China's Affluent Haven't Abandoned TV and Print Media to Digital Just Yet

    A new report that tracks the media habits of Asia's wealthy shows how digital content can complement traditional platforms.
    A magazine rack in Shanghai. (Shutterstock)
    Jessica RappAuthor
      Published   in Macro

    Digital media consumption is no doubt on the rise in China, but a new report by Ipsos suggests that marketers may not want to give up on traditional media channels just yet when it comes to targeting the region's wealthiest consumers.

    For its annual "Affluent Asia” report, Ipsos surveyed more than 19,000 wealthy consumers from 10 countries across Asia, including Hong Kong, Singapore, Malaysia, Thailand, Taiwan, Indonesia, India, the Philippines, South Korea, and Australia, to learn more about their international media consumption habits. This year Ipsos also conducted pilot research into affluent mainland Chinese consumers' media consumption habits, and the findings suggest that while the reach is similar between the two survey groups, in mainland China, digital formats are overtaking traditional ones in some categories.

    According to the survey, Asia-Pacific consumers spent more than two hours in an average day watching television, compared to 1.86 hours using websites and 1.7 hours using apps. Reading newspapers and magazines were delegated under an hour each.

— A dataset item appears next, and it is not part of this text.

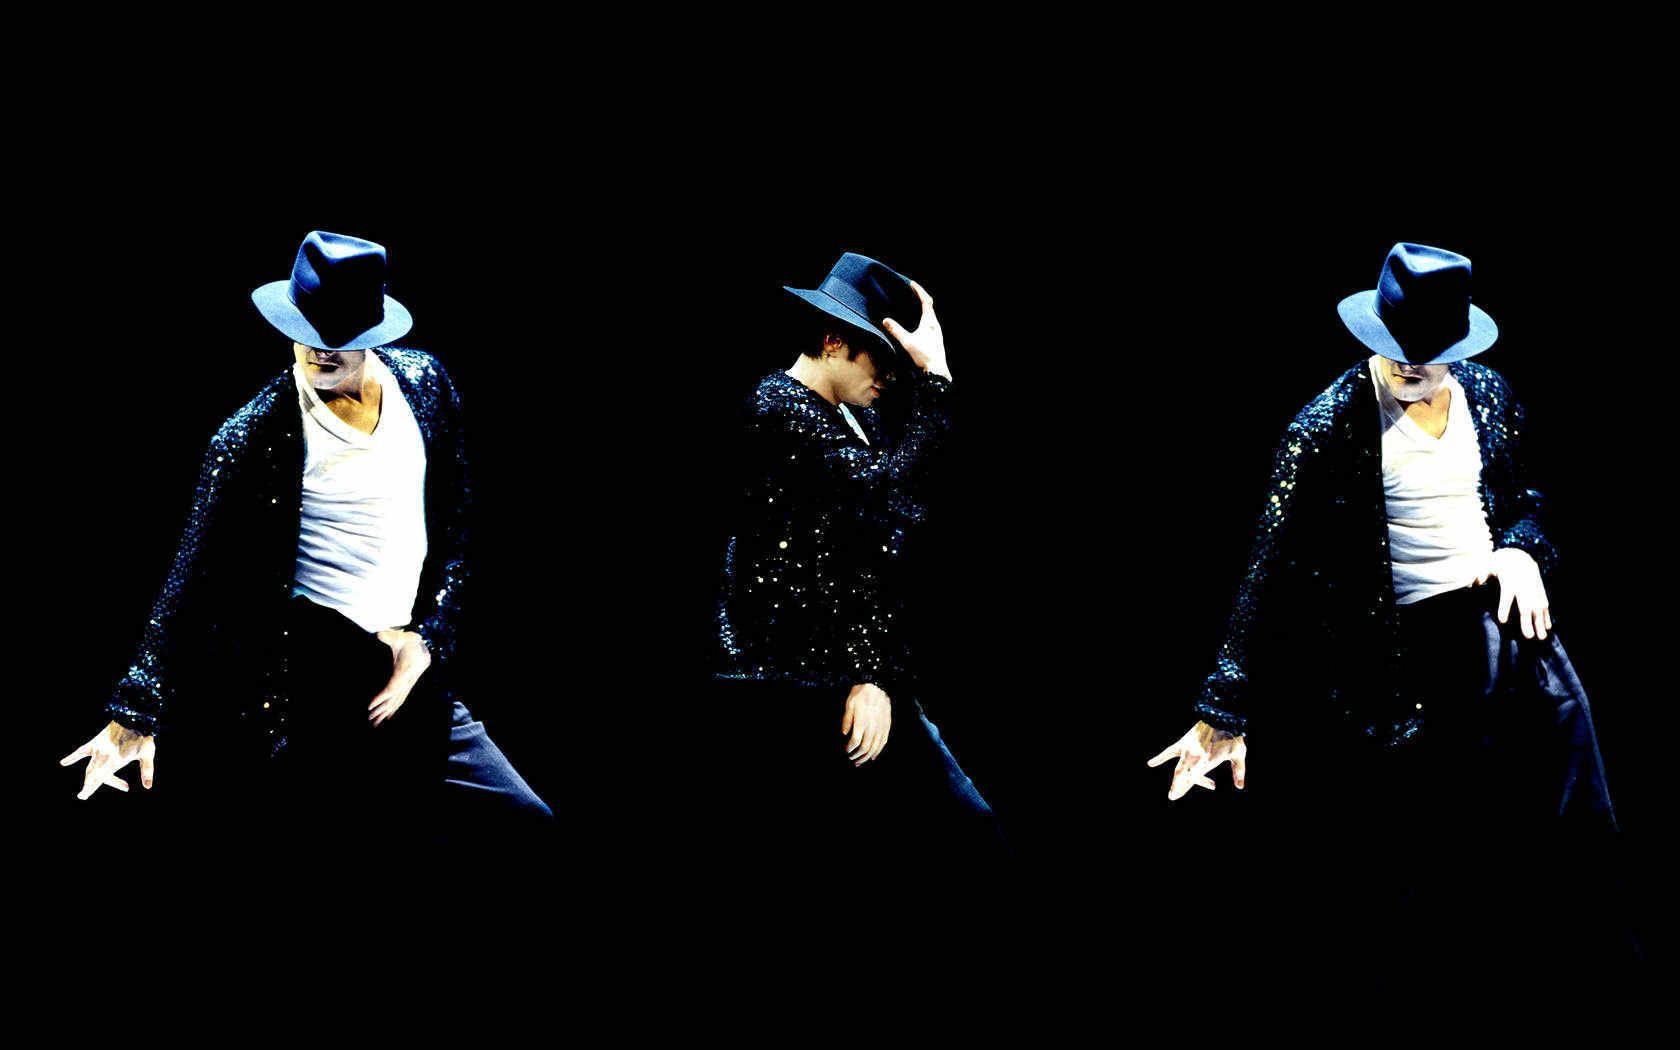 Michael Jackson HD Wallpaper And Picture

    But while television is a top habit for Asia-Pacific consumers, the research suggested that digital content enhanced news and entertainment channels' engagement. For example, while international entertainment channels reached 18 percent of consumers between Q3 2015 and Q2 2016, a 5 percent digital engagement rate boosted these entertainment platforms to a combined reach of 20 percent (in this study, combined reach refers to nett of past seven days of TV viewership and past 30 days of digital reach).

    A chart of APAC TV and digital consumption from the Ipsos Affluent Survey Asia Pacific.
    A chart of APAC TV and digital consumption from the Ipsos Affluent Survey Asia Pacific.

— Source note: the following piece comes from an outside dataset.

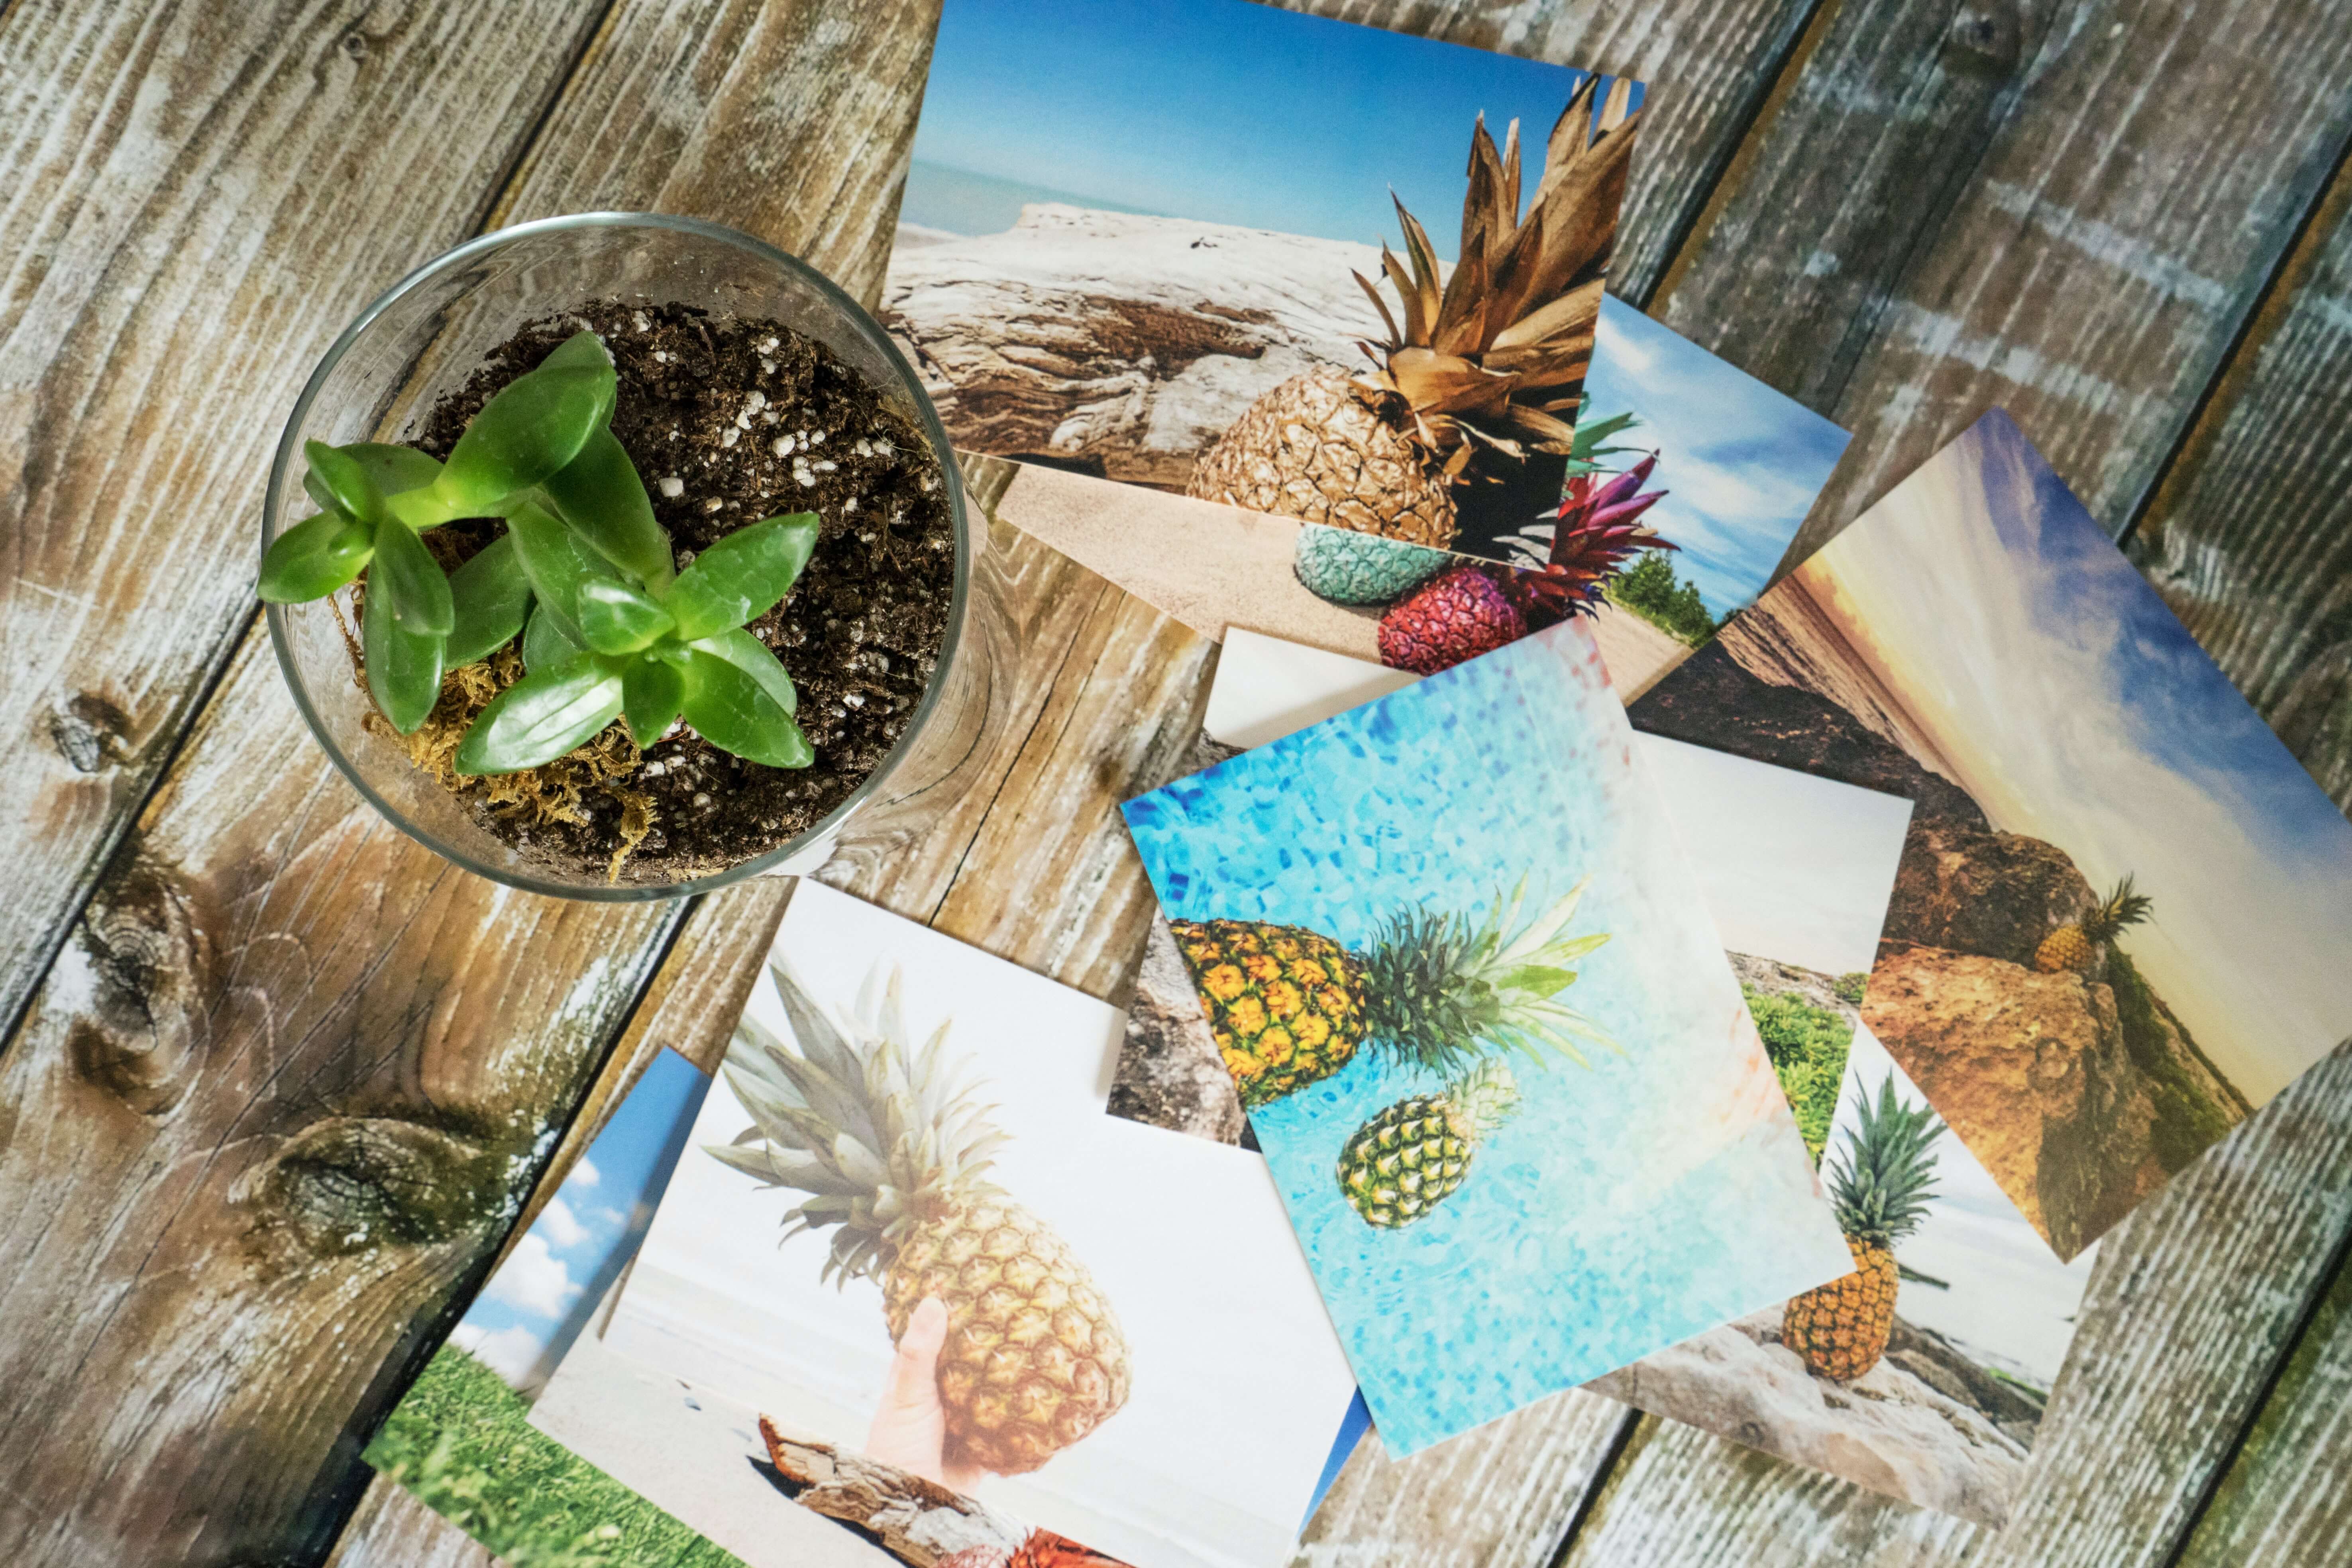 Postcards with a pineapple motif

    For mainland Chinese consumers in a pilot survey of more than 540 affluent consumers in the top 20 percent of the population by income in Beijing, Shanghai, and Guangzhou, TV played a smaller role in international entertainment channels than APAC as a whole, reaching 7 percent of consumers while digital reached 6 percent.

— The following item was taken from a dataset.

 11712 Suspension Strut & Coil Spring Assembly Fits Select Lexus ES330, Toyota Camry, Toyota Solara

    Mainland China media consumption from the Ipsos Affluent Survey Asia Pacific.
    Mainland China media consumption from the Ipsos Affluent Survey Asia Pacific.

    When it comes to international news media however, the percentage of engagement is different between all of Asia and China. For the APAC countries surveyed, international news channels had a combined reach of 39 percent, with 33 percent for TV and 21 percent for digital. In mainland China, though, more consumers are relying on digital avenues for international news consumption, at 32 percent, compared to 24 percent using TV. When combined, digital and TV sources have a a reach of 45 percent.

    Print consumption across media categories in China has yet to be taken over by digital consumption when it comes to international publications, but the gap is narrow. International dailies have a combined reach of 22 percent of those surveyed, with digital content playing a big role in boosting reach. Digital reach for these publications is 12 percent on average and print reach is 14 percent (in this case, combined reach refers to nett of average issue readership and past 30 days of digital reach). In contrast, international monthlies see a 23 percent reach in print, compared to 11 percent engagement digitally.

    So what does this mean for marketers? While the report doesn't offer concrete suggestions, the survey data does provide a clue as to how brands might want to consider divvying up their content to achieve the optimum readership in Asia. For China, while television engagement is still dominant in some categories of media consumption, brands and marketers also can't forget about the increasing number of mobile users in the country and the swelling significance of WeChat as a digital media consumption tool. Ultimately, while navigating the media sphere in China can be tough, it still holds true that diversifying platforms and mediums might prove beneficial for brands.